Dan Siminoski was born in Los Angeles on January 1, 1947, to a progressive family. He displayed his commitment to human rights at an early age, when he co-chaired Mid-City Youth Against Proposition 14, a state-wide initiative to invalidate the California Fair Housing Law. He studied at the University of California at Berkeley, where he was involved in the Free Speech and anti-war movements and became the Berkeley co-chairman of Senator Eugene McCarthy's presidential campaign; he received a BA in Political Science and was elected to Phi Beta Kappa in 1968. Before entering graduate school, Siminoski served as a staff investigator for the Fair Campaign Practices Committee in Washington, DC, and then as legislative aid to Senator Wayne Morse. He earned his MA with honors in Political Science from the University of Wisconsin in 1970, when he was also awarded a Ford Fellowship. His doctoral research brought Siminoski back to Los Angeles where he came out in 1973 and became active in gay rights causes. In 1976-1977, he was an Instructor in the Social Sciences Department at Long Beach City College. He received his PhD in Political Science from the University of Wisconsin in 1978. In 1979-1980, he was Visiting Assistant Professor in the Department of Political Science at Arizona State University, and in 1980-1981, he held the same position at the University of Missouri St. Louis. He was appointed Visiting Lecturer in Political Science at Texas Tech University in 1981.
His long-held interest in gay and lesbian civil rights led Siminoski to file a request with the Federal Bureau of Investigation under the Freedom of Information Act (FOIA) on October 22, 1982, for copies of all FBI Headquarters and field office records relating to the surveillance of gays and lesbians from 1950 to 1982. When the FBI failed to comply with the request fully and in a timely manner, Siminoski, represented by the ACLU Foundation of Southern California, filed suit against the Bureau in Federal District Court in Los Angeles, on October 11, 1983. Simultaneously, Siminoski, who had left teaching and moved to Los Angeles in the late summer of 1983 to devote himself full-time to the impending lawsuit, launched Siminoski vs. FBI 1984 , a speaking tour and media campaign to publicize his case. Although the FBI began releasing documents in quantity to him by the end of the first quarter of 1984, Siminoski continued his case on the grounds that the documents were unnecessarily redacted. In late 1984, Siminoski, whose project had found a home at Jim Kepner s International Gay and Lesbian Archives (formerly Western Gay Archives) at 1654 North Hudson St., initiated the Freedom of Information Project. The purpose of this project was to analyze the documents released by the FBI and to gather signed and notarized Privacy Act Waiver Forms from leading gay activists, with the intention of turning his legal action into a class action lawsuit and expanding the scope of the FBI records sought. Although Siminoski collected properly executed Privacy Act Waiver Forms from a number of prominent gay activists, this latter purpose was not realized.

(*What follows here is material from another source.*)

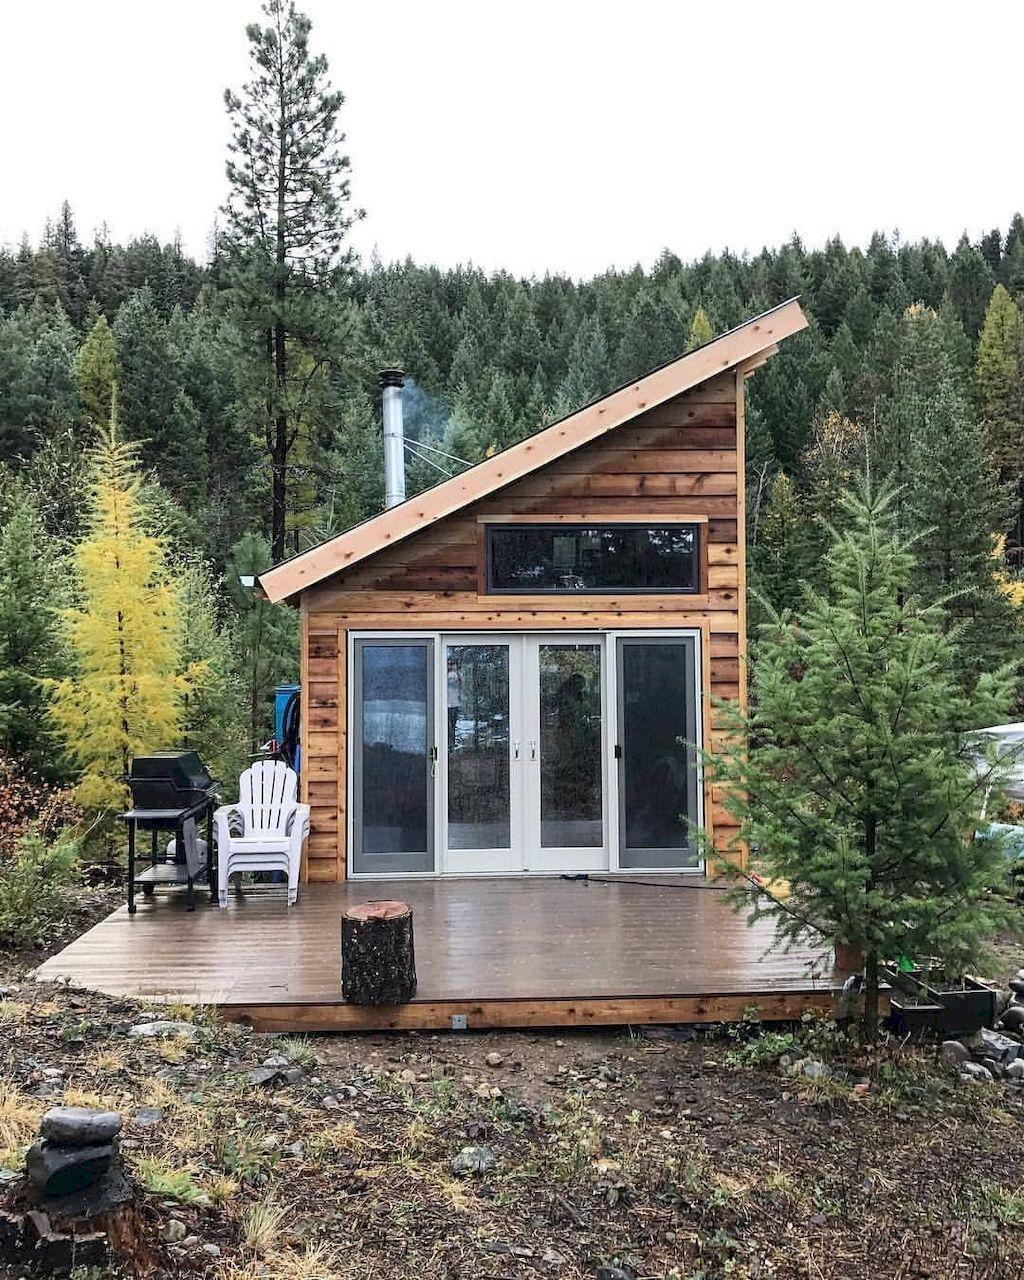 65 Awesome Tiny House Interior Design Ideas - Decoradeas

In 1986, Siminoski, who had supported himself since leaving teaching as a free-lance political consultant and syndicated columnist, withdrew for health reasons from active participation in the lawsuit. In 1988, he earned a master's degree in Social Work from California State University Long Beach. He now lives in San Diego. In November 1988, Ralph J. Geffen, acting as Special Master, reported favorably on most of Siminoski's legal claims; however, many of his recommendations were overruled by Judge William D. Keller in his decision of January 1990, which was not appealed.